Version Highlights (Clemlab ODP)
- Spark 3.5.x (default: 3.5.4)
- Hive 4.0.1
- Scala 2.12.18
- Calcite 1.25.0
- Avatica 1.12.0
These can be overridden with sbt system properties (for example: -Dspark.version=3.5.6).
Downloads (Nexus)
Artifacts are currently published as version 1.3.1, compatible with ODP 1.3.1.0.
| Artifact | Link |
|---|---|
| Assembly (fat) jar | https://nexus.clemlab.com/repository/spark-packages/com/hortonworks/hive/hive-warehouse-connector_2.12/1.3.1/hive-warehouse-connector_2.12-1.3.1-assembly.jar |
| Main jar | https://nexus.clemlab.com/repository/spark-packages/com/hortonworks/hive/hive-warehouse-connector_2.12/1.3.1/hive-warehouse-connector_2.12-1.3.1.jar |
| Sources | https://nexus.clemlab.com/repository/spark-packages/com/hortonworks/hive/hive-warehouse-connector_2.12/1.3.1/hive-warehouse-connector_2.12-1.3.1-sources.jar |
| Javadoc | https://nexus.clemlab.com/repository/spark-packages/com/hortonworks/hive/hive-warehouse-connector_2.12/1.3.1/hive-warehouse-connector_2.12-1.3.1-javadoc.jar |
| POM | https://nexus.clemlab.com/repository/spark-packages/com/hortonworks/hive/hive-warehouse-connector_2.12/1.3.1/hive-warehouse-connector_2.12-1.3.1.pom |
Supported Functionalities
The table below summarizes what is covered and supported.

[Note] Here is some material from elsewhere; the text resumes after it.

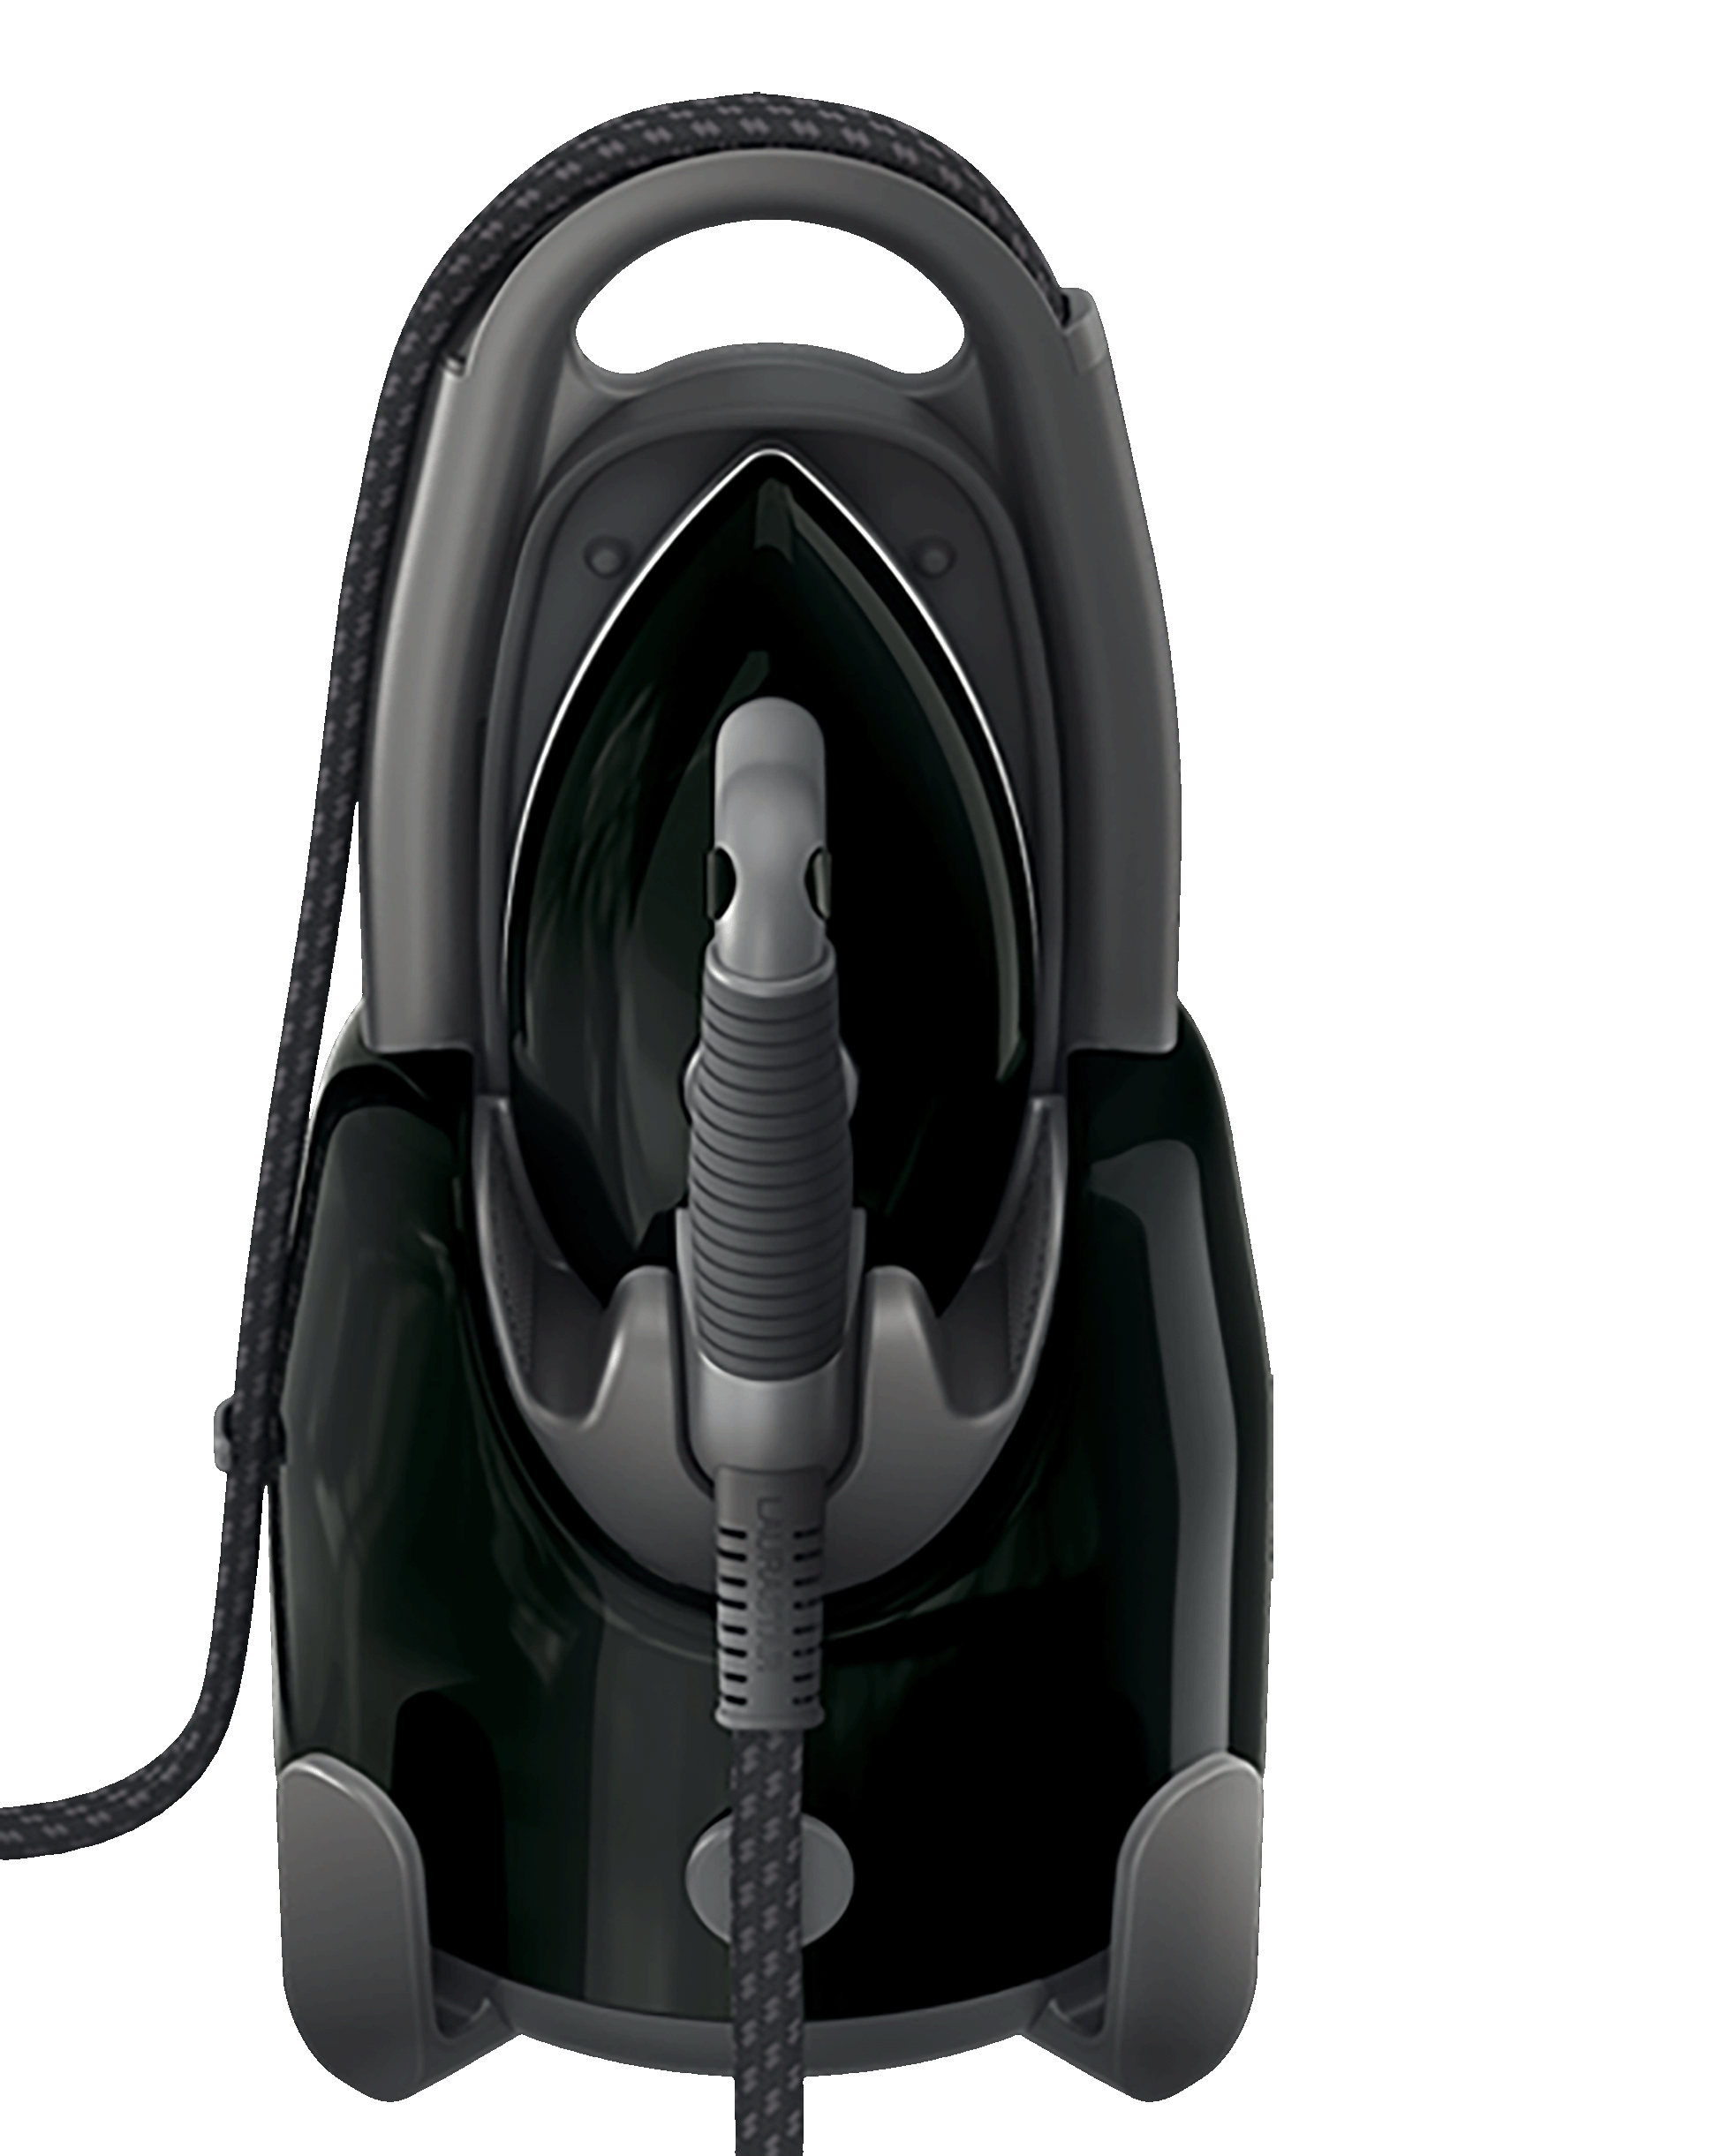 LAURASTAR The Lift Plus Irons in Iron Black Automatic the at Ultimate department (1450-Watt) Shut-off

| Feature area | Status | Notes |
|---|---|---|
| Read modes (direct reader, JDBC, secure access) | Supported | - |
| Secure access caching control | Supported | spark.hadoop.secure.access.cache.disable. |
| JDBC read mode (client/cluster) | Supported | - |
| Spark SQL extension for direct reader | Supported | spark.sql.extensions=com.hortonworks.spark.sql.rule.Extensions. |
| Batch writes (DataFrame writer) | Supported | Writes stage data then LOAD DATA. |
| Streaming writes to ACID tables | Supported | HiveStreamingDataSource sink. |
| HWC session API (catalog ops, executeUpdate, commitTxn, close) | Supported | See API page. |
| Spark executor metrics | Partial | Uses Spark metrics and HWC listener, no extra packaging. |
| PySpark integration | Supported | python/ package + assembly jar. |
| sparklyr integration | Not shipped | not bundled here. |
| Zeppelin integration | Manual | Add jar and Spark conf; not packaged. |
If you rely on a feature that is not bundled (sparklyr helpers, Zeppelin configuration templates), you can still use the connector by adding the assembly jar and setting Spark configs manually.
Where to start
- Start with Getting Started for a minimal setup and a Spark shell example.
- Use Configuration and Read Modes to select secure access vs direct reader.
- Use Writes and Streaming for batch and streaming write configuration.
- Use Limitations and Types before production rollout.